◆ **Stored data entries**:
——————————
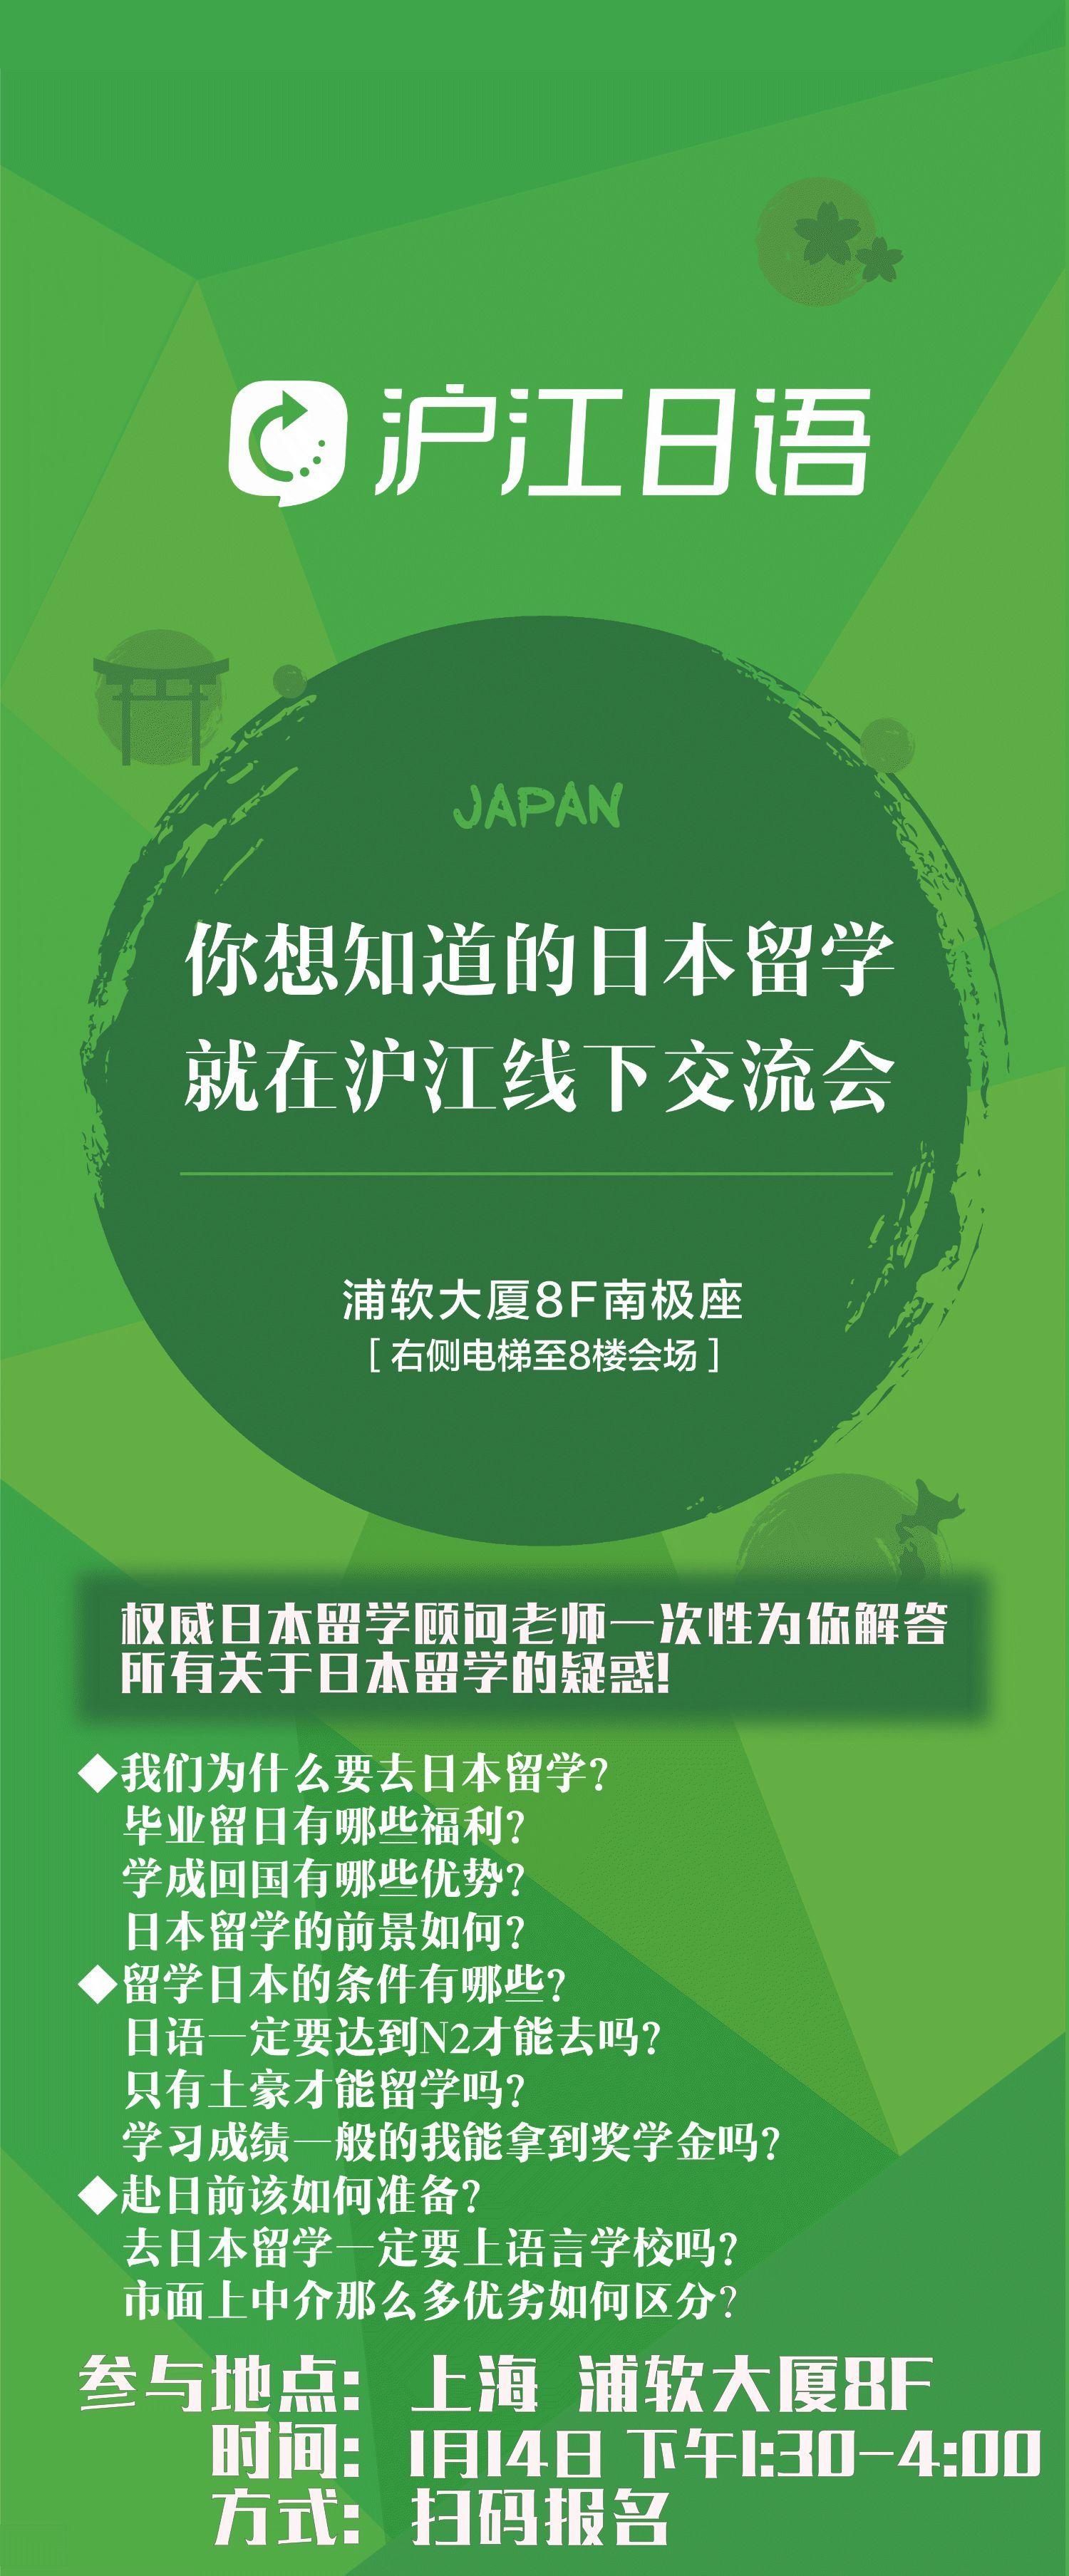 关于日本留学,这里有一个免费线下面对面请教
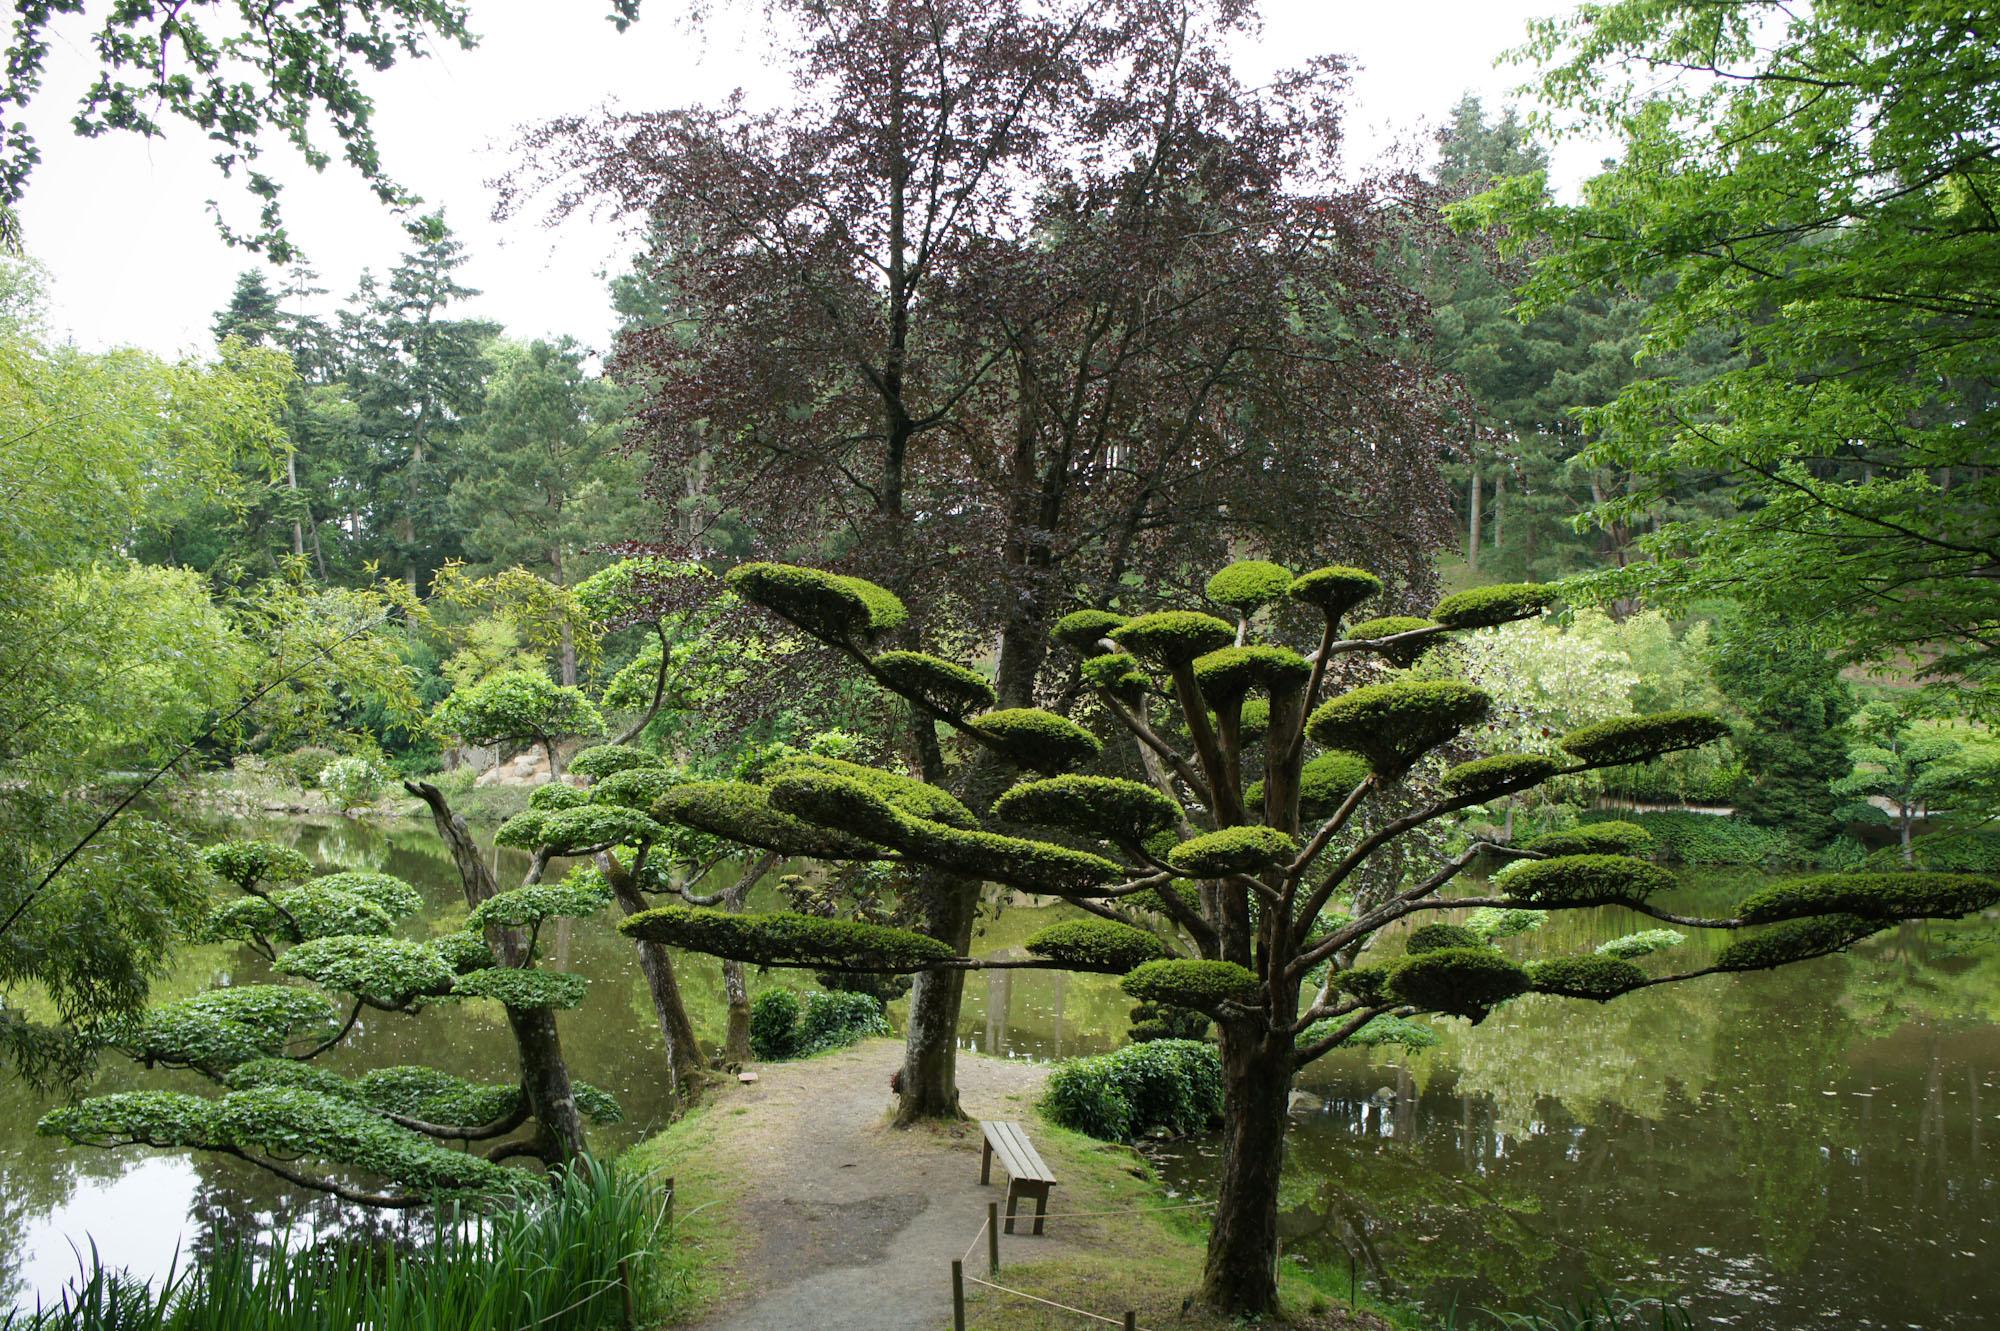 Jardin japonais de maul vrier for Le jardin japonais nantes
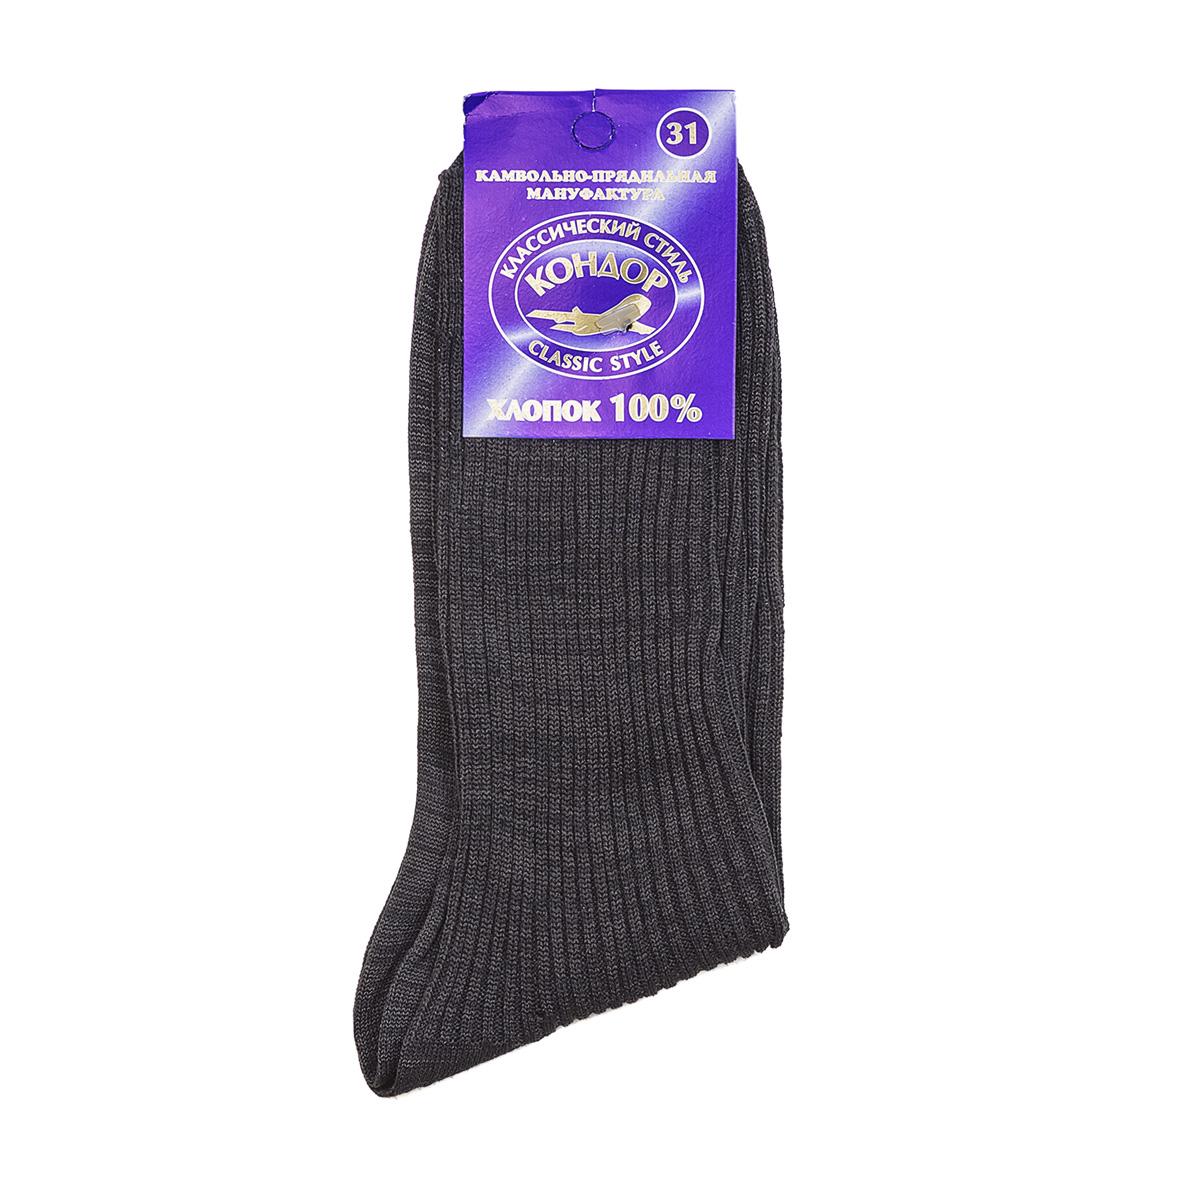 Носки мужские Кондор, размер 39-40Носки<br><br><br>Тип: Муж. носки<br>Размер: 39-40<br>Материал: Хлопок
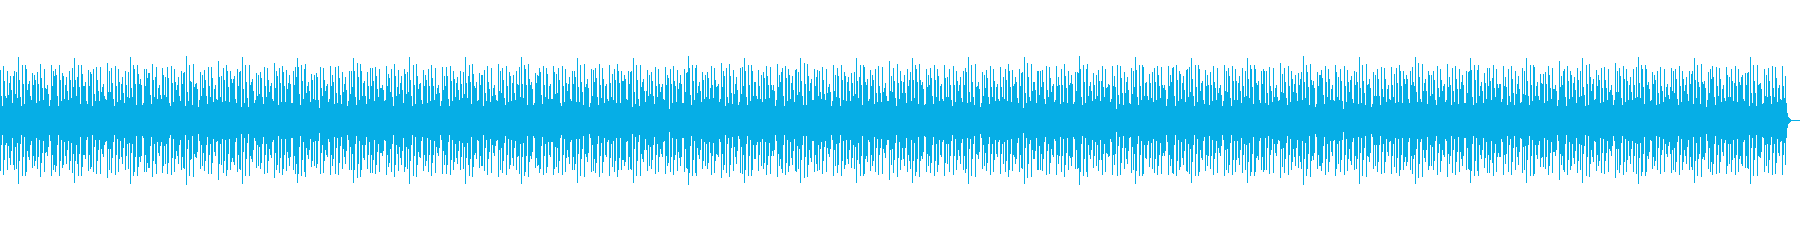 アマゾン・熱帯雨林  環境音楽の再生済みの波形
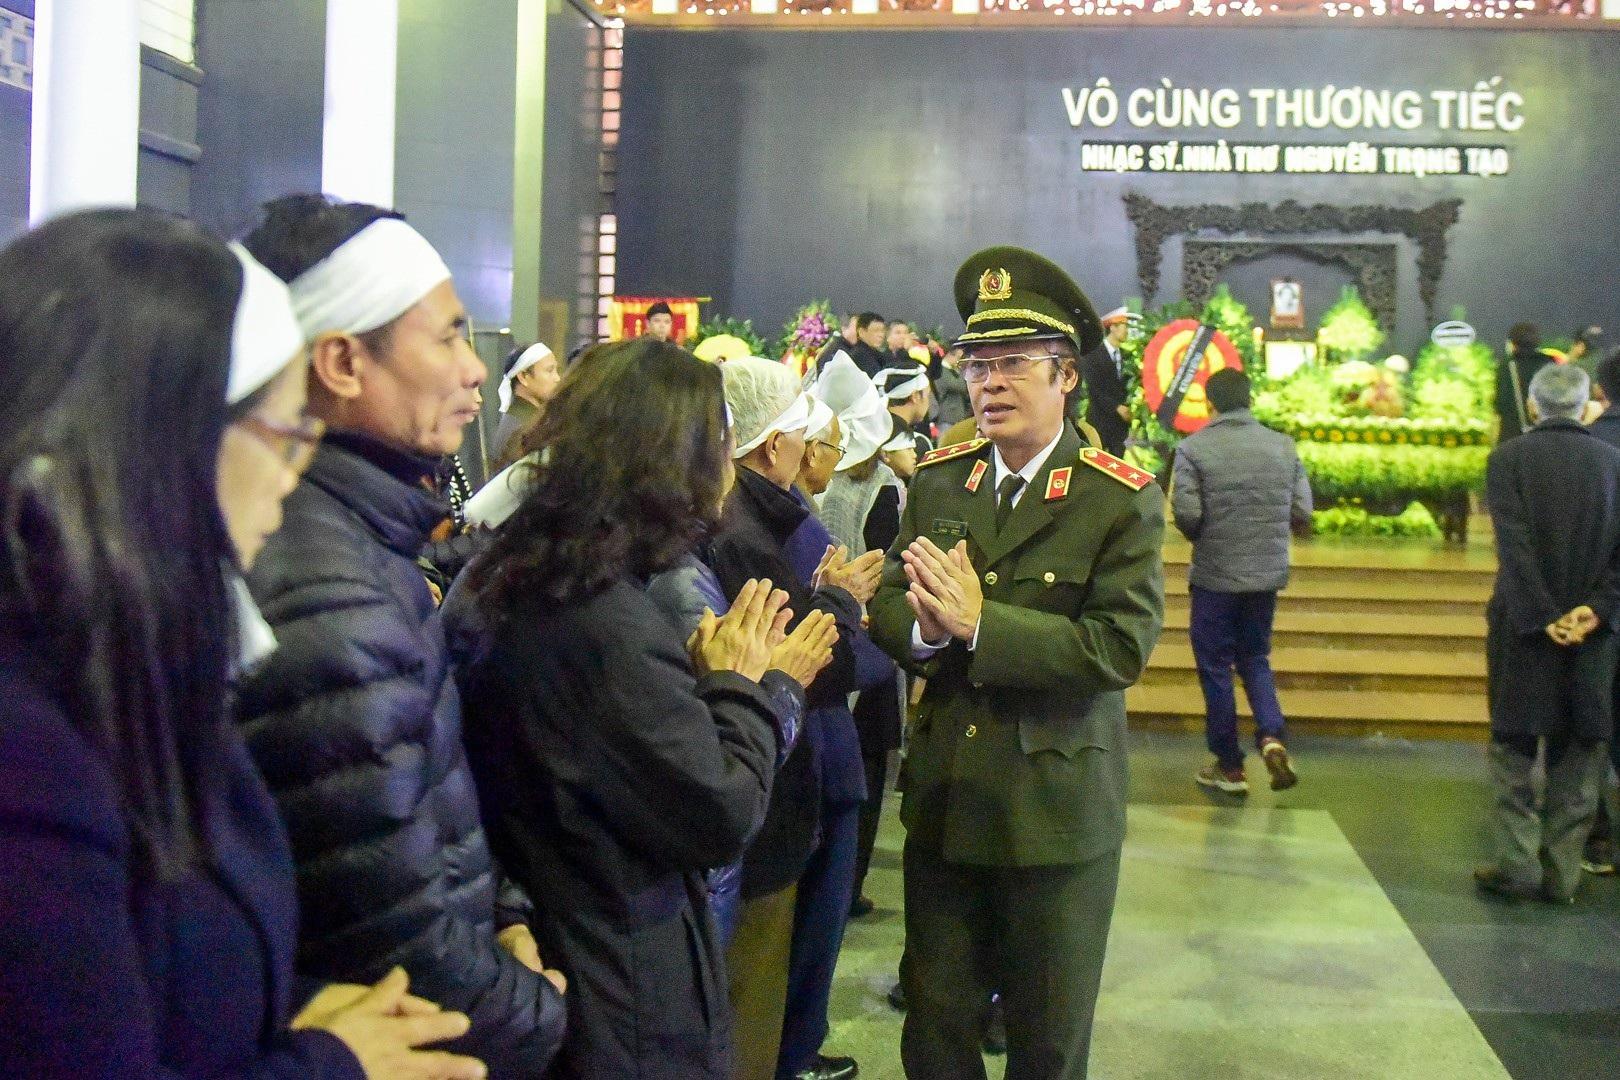 Đông đảo bạn bè, văn nghệ sĩ đến tiễn đưa nhà thơ- nhạc sĩ Nguyễn Trọng Tạo - Ảnh 10.
——————————
◆ **EXERCISE DESCRIPTION**:
All entries above must be duplicated exactly; please omit any picture they hold.

◆ **ANSWER FOR THE TASK**:
 关于日本留学,这里有一个免费线下面对面请教
 Jardin japonais de maul vrier for Le jardin japonais nantes
 Носки мужские Кондор, размер 39-40Носки<br><br><br>Тип: Муж. носки<br>Размер: 39-40<br>Материал: Хлопок
 アマゾン・熱帯雨林  環境音楽の再生済みの波形
 Đông đảo bạn bè, văn nghệ sĩ đến tiễn đưa nhà thơ- nhạc sĩ Nguyễn Trọng Tạo - Ảnh 10.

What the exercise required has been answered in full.